==== GIVEN ENTRIES
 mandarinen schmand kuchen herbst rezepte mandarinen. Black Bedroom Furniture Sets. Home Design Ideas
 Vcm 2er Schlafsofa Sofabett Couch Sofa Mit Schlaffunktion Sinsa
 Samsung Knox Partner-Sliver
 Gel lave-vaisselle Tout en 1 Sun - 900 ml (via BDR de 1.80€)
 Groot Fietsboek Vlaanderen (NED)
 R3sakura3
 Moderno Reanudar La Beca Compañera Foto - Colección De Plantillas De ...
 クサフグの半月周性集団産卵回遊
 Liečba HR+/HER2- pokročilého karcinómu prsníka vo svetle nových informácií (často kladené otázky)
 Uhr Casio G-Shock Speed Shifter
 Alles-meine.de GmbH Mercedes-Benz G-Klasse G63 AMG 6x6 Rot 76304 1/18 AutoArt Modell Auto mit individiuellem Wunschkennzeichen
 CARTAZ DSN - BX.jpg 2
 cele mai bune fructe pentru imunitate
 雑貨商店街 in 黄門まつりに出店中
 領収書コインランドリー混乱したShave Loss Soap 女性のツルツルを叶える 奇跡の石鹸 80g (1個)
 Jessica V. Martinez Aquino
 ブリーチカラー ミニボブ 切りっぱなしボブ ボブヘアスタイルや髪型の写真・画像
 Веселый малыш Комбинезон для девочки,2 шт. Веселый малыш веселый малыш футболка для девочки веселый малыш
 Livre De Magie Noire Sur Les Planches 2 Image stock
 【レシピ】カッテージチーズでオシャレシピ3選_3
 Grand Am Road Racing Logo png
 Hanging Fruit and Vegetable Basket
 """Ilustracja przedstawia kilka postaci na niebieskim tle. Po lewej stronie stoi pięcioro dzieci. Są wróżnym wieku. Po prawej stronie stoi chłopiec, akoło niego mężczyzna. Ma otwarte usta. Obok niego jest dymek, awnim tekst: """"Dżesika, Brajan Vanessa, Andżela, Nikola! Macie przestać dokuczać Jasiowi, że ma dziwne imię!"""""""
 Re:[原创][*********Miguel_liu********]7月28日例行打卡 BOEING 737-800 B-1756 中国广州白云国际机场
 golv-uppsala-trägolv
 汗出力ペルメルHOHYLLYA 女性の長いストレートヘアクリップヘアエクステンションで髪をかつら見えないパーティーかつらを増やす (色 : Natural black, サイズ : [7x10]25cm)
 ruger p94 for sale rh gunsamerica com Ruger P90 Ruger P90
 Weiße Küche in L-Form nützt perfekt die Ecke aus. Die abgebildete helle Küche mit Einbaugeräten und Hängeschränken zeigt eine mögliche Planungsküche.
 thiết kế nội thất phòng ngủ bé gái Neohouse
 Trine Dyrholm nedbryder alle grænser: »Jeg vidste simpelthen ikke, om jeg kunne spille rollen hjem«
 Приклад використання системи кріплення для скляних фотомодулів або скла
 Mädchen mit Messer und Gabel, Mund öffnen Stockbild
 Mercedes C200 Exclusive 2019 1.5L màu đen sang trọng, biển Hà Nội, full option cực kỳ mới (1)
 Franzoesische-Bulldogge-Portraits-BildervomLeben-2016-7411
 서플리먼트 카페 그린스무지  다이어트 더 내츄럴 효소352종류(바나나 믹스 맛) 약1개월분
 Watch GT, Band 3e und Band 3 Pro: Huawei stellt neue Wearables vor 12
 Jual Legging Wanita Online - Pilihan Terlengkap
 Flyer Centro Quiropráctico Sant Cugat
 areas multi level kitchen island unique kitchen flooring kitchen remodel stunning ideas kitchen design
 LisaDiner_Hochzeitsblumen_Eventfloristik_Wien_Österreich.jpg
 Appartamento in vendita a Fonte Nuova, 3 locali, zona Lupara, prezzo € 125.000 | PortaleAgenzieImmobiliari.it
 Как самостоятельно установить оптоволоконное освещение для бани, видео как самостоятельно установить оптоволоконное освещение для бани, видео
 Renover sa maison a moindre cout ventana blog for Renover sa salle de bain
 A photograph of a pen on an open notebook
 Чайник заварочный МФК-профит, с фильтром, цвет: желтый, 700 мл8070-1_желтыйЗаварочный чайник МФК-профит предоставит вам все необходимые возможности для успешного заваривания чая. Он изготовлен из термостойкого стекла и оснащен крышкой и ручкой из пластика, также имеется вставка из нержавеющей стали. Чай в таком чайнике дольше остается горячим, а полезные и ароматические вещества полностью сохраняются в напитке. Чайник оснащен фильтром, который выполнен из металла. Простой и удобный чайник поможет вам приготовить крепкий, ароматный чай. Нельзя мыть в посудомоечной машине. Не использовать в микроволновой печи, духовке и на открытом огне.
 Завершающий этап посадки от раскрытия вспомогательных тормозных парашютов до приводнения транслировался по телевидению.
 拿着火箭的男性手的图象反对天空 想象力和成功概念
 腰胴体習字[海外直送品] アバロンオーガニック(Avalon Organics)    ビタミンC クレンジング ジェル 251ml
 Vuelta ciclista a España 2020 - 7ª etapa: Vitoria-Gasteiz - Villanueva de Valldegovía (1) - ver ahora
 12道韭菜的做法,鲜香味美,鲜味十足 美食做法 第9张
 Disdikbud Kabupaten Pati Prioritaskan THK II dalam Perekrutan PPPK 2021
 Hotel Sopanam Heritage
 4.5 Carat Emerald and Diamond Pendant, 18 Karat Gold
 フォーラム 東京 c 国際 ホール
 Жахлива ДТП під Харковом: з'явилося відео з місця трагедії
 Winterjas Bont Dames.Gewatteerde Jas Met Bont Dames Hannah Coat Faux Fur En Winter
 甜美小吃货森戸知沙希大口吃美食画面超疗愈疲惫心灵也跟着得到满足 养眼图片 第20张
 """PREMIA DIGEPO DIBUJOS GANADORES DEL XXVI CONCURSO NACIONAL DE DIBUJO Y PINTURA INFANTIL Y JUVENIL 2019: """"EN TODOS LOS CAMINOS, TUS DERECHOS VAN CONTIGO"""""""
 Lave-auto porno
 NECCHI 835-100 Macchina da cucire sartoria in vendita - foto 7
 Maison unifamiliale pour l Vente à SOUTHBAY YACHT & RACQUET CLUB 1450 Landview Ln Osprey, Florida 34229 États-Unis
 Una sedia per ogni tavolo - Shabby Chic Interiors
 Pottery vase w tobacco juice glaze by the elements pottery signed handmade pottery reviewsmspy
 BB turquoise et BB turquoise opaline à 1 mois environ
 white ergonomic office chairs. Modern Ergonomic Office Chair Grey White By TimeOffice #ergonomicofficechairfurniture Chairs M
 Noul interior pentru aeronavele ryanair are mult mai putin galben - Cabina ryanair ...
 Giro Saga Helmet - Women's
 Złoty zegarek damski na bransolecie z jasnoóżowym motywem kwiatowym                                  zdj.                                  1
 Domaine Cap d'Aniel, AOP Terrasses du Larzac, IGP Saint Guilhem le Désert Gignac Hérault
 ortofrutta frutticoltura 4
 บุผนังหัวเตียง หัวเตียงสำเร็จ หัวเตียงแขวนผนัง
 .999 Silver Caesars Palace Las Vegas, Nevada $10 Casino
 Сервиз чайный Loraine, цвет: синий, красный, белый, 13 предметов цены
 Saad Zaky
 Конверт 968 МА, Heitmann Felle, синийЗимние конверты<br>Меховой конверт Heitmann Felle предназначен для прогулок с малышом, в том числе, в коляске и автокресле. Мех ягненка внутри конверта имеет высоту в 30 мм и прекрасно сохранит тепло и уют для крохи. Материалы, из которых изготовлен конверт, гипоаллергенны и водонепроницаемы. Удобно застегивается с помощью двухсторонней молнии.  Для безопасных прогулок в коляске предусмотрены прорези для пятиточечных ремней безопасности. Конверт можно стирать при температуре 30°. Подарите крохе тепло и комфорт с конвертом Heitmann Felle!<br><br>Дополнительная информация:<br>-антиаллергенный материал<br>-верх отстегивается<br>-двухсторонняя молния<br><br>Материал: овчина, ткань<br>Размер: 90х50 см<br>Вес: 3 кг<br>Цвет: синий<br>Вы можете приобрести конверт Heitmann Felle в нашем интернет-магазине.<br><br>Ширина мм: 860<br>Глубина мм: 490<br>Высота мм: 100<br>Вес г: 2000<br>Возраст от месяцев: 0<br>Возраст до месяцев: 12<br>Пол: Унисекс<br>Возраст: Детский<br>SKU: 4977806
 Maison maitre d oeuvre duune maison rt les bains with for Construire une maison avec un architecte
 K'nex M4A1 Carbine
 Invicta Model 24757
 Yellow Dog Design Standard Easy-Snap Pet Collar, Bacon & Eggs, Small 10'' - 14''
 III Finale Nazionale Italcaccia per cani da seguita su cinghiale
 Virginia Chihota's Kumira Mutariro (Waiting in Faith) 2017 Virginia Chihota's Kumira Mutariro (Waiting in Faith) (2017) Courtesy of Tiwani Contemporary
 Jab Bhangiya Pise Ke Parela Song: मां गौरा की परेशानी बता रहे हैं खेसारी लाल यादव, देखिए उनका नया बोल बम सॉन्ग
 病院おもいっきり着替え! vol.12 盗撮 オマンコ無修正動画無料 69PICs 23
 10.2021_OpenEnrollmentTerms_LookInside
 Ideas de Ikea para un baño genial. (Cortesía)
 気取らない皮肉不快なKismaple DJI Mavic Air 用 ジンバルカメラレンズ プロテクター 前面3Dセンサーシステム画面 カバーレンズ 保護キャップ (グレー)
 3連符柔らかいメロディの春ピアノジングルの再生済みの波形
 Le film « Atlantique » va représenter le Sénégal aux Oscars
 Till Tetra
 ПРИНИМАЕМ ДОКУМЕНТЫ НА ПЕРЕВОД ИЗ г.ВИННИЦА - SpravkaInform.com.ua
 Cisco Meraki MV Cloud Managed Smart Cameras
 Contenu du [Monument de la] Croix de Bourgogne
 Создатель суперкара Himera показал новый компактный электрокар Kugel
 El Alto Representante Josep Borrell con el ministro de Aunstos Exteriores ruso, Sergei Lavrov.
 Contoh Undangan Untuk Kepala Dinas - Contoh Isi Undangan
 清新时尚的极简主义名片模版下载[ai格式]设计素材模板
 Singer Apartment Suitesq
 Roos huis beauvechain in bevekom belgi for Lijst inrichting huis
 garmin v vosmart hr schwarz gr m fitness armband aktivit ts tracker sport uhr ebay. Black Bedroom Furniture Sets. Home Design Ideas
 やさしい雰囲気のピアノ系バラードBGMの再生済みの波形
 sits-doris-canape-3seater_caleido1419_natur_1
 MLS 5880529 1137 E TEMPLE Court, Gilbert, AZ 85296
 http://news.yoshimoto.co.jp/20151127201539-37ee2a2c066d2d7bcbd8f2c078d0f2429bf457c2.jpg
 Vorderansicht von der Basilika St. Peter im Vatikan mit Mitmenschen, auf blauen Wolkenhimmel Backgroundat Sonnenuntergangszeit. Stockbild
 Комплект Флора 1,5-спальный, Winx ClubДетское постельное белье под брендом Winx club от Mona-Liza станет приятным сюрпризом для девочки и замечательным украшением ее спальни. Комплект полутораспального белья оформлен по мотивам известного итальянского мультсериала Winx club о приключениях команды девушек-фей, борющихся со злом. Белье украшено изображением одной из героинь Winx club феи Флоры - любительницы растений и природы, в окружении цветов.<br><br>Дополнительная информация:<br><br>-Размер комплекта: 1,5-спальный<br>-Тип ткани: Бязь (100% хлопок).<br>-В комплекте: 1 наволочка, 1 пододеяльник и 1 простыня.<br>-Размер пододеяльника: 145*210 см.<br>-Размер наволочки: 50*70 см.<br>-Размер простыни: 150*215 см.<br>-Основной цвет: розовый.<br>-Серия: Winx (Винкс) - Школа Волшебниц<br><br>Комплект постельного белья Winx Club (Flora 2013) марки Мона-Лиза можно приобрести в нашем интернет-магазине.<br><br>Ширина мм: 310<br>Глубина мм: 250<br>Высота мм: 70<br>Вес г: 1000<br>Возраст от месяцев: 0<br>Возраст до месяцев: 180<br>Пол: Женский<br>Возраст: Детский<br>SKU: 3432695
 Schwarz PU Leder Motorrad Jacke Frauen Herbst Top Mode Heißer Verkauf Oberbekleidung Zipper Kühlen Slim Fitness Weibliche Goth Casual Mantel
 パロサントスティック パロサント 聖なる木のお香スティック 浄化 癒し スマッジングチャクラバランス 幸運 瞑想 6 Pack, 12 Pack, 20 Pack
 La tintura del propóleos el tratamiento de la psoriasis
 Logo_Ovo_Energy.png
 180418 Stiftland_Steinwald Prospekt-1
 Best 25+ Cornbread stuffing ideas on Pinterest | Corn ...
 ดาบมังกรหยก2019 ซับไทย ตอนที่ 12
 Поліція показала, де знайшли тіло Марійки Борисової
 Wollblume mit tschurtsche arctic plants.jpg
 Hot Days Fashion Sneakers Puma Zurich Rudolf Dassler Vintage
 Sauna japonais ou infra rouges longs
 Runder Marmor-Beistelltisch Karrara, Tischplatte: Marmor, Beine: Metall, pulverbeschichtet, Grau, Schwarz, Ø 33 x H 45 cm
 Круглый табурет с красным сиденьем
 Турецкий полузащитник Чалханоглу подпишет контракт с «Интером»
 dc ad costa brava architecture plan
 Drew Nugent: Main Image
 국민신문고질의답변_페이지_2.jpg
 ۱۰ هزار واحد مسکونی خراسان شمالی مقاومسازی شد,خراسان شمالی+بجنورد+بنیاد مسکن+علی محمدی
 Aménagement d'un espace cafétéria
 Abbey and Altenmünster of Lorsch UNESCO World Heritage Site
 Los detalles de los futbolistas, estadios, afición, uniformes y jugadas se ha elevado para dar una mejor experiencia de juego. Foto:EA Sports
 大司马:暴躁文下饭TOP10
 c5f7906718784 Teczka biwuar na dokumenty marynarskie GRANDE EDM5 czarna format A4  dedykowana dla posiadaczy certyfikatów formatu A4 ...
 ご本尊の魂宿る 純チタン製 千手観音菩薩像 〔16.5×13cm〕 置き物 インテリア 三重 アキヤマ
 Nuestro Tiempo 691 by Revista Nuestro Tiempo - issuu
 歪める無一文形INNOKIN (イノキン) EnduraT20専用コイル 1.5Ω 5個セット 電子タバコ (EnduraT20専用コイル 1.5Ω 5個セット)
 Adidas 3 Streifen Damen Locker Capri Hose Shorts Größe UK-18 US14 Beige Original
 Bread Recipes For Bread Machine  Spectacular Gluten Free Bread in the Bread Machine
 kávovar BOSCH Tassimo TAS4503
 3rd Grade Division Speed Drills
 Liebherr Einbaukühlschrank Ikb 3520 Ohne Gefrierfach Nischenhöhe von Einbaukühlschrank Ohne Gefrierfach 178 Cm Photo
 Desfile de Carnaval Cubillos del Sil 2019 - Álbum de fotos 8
========
> **EXERCISE DETAILS**
Which lines above carry the string "pentru"? Copy those lines.

> **WRITTEN ANSWER**
 cele mai bune fructe pentru imunitate
 Noul interior pentru aeronavele ryanair are mult mai putin galben - Cabina ryanair ...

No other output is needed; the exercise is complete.